**What to work on:**
In full and word for word, copy the listing; no pictures belong in the copy.

**Raw data:**
--------------------------------

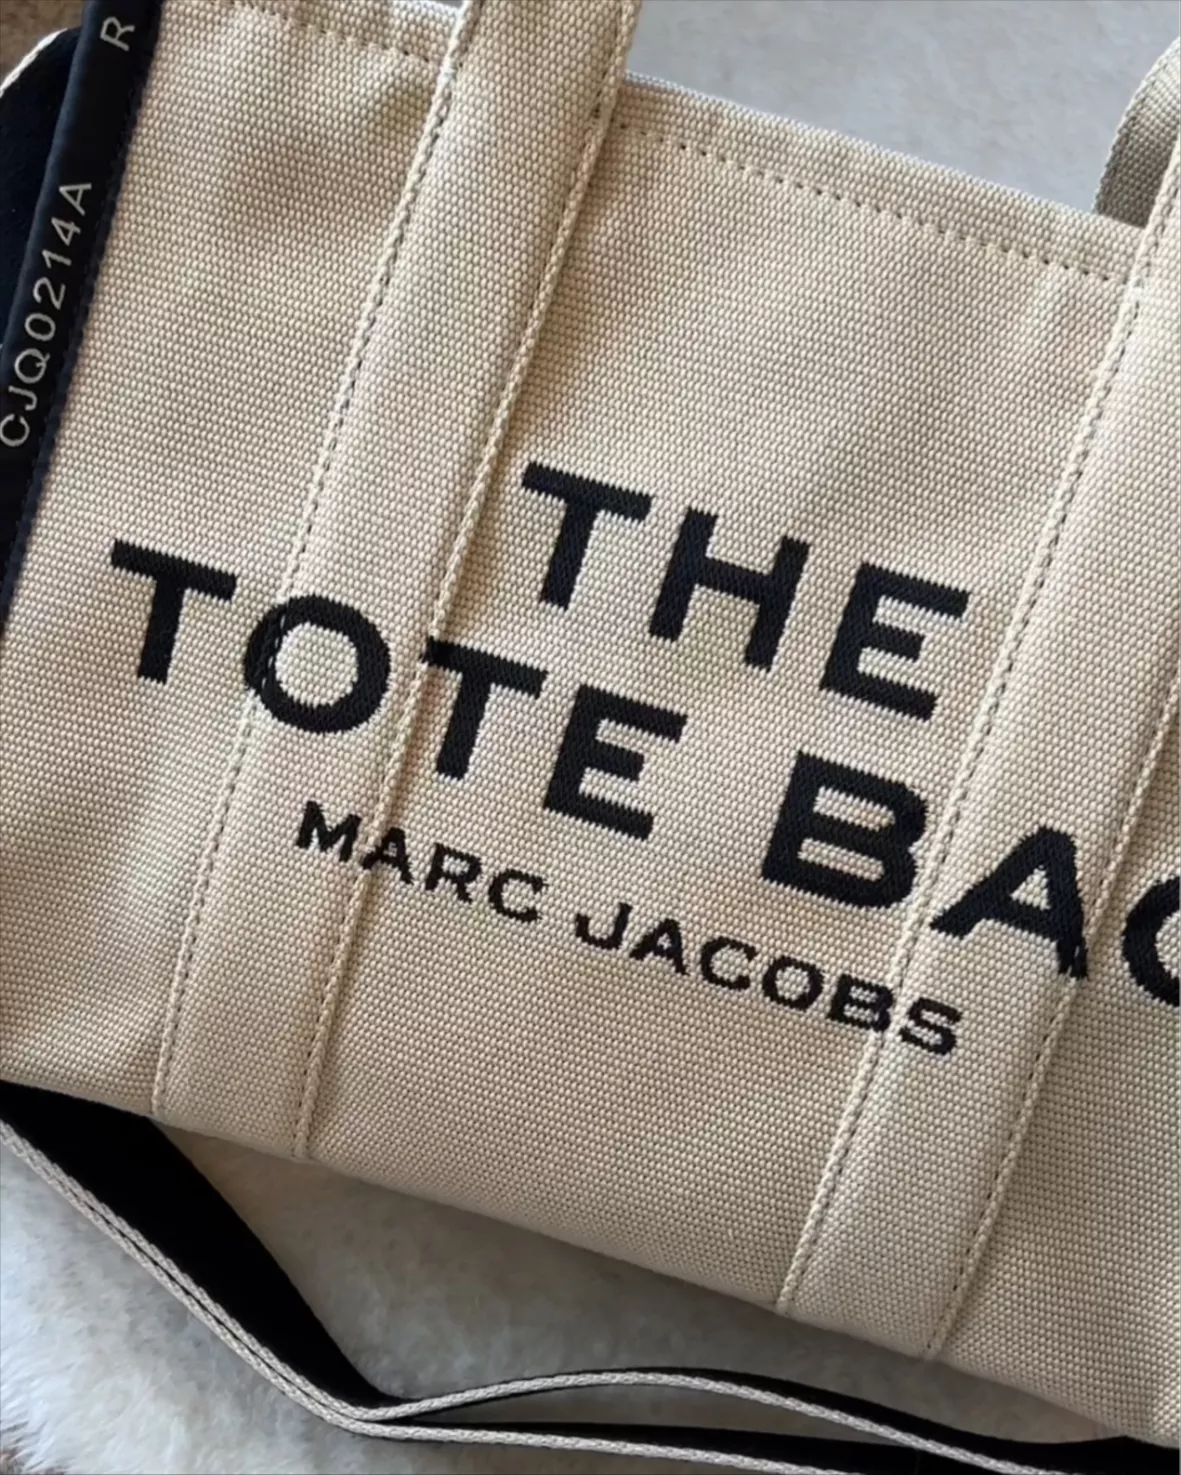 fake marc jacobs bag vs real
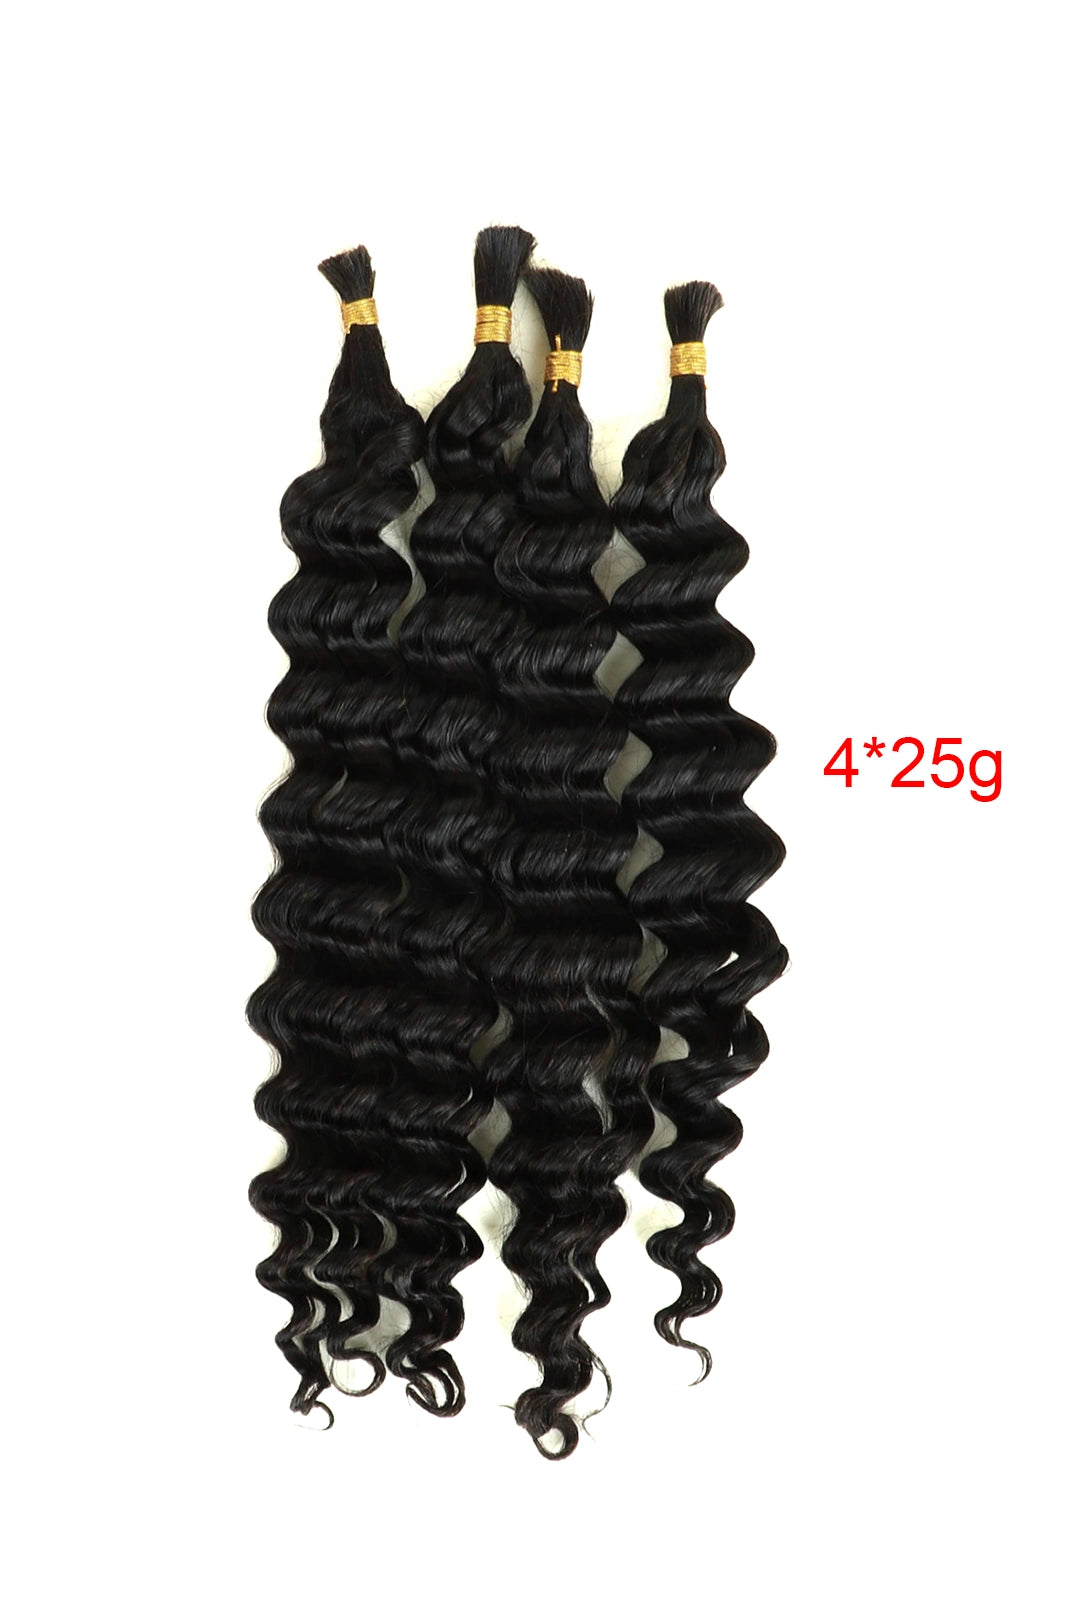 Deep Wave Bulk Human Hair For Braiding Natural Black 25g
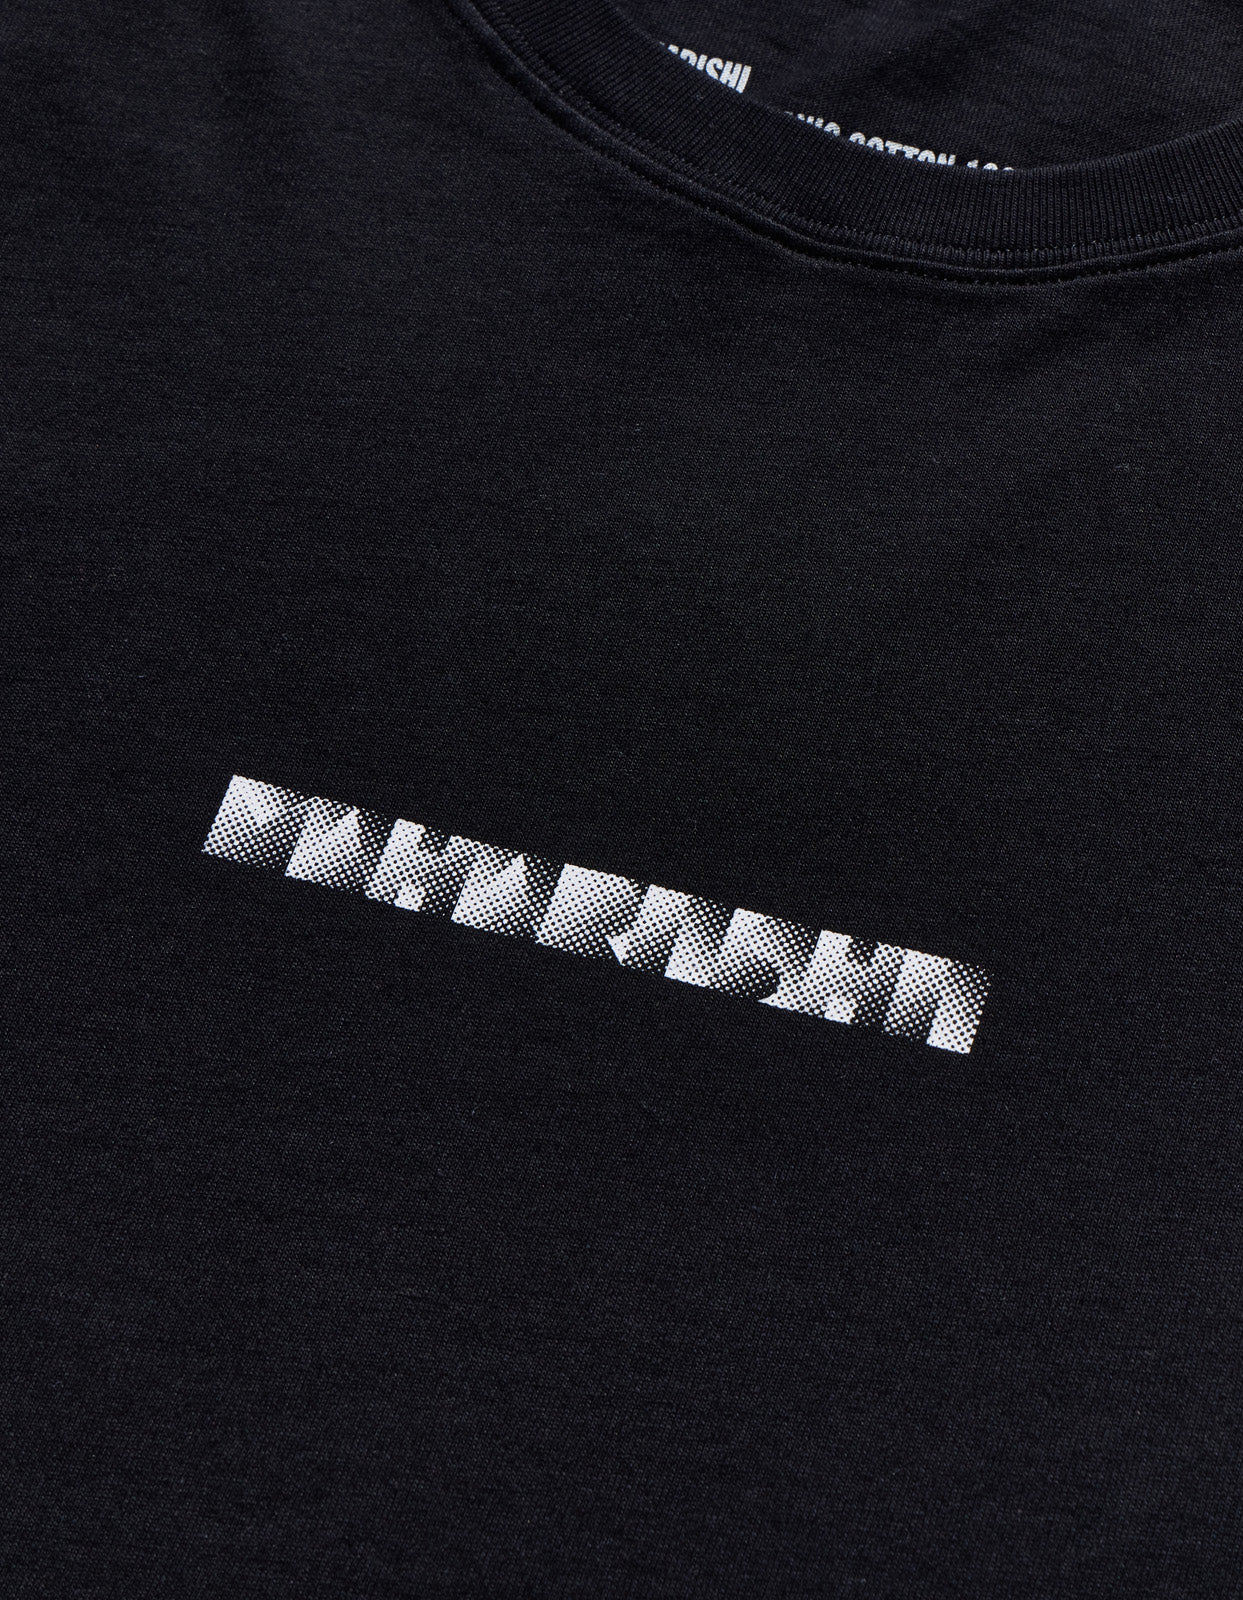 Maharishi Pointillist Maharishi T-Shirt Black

--------------------------------

**Response:**
 fake marc jacobs bag vs real
 Deep Wave Bulk Human Hair For Braiding Natural Black 25g
 Maharishi Pointillist Maharishi T-Shirt Black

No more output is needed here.